PROBLEM TO WORK ON
For each line in the material below that holds "Women", copy that line.

TASK DATA
= = =

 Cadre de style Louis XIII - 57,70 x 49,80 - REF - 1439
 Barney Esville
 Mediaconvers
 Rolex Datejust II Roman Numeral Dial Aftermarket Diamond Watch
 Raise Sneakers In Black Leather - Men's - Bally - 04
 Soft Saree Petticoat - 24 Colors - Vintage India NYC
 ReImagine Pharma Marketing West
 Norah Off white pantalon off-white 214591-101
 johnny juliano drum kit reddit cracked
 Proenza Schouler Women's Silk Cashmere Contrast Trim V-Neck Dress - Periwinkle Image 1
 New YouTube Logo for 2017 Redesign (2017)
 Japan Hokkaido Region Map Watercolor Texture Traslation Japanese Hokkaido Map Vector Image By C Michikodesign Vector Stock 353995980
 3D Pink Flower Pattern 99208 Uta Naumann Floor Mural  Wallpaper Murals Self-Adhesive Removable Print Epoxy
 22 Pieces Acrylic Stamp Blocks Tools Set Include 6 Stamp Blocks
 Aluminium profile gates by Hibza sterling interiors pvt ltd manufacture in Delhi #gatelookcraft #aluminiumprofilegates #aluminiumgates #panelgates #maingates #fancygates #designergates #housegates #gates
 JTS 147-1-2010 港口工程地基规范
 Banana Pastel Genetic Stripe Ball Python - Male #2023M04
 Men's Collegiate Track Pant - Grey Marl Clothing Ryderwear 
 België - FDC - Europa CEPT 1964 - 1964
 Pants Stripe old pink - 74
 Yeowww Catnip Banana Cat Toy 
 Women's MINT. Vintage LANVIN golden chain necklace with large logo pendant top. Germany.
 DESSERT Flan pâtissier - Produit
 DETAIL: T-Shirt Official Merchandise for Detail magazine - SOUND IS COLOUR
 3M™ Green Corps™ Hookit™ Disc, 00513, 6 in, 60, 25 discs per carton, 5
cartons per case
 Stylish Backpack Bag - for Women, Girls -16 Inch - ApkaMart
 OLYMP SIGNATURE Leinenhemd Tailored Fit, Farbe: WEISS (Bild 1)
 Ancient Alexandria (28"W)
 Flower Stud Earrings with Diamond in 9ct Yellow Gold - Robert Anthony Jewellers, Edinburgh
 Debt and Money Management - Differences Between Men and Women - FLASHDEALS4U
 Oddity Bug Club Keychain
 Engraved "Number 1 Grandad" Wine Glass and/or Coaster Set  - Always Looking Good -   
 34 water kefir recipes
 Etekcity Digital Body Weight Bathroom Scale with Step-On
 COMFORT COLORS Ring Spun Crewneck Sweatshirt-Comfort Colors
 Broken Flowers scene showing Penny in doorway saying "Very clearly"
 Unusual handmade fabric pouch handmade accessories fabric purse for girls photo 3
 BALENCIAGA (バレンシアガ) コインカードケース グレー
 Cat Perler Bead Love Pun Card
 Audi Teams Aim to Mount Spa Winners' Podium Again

= = =

SOLUTION TO THE EXERCISE
 Proenza Schouler Women's Silk Cashmere Contrast Trim V-Neck Dress - Periwinkle Image 1
 Women's MINT. Vintage LANVIN golden chain necklace with large logo pendant top. Germany.
 Stylish Backpack Bag - for Women, Girls -16 Inch - ApkaMart
 Debt and Money Management - Differences Between Men and Women - FLASHDEALS4U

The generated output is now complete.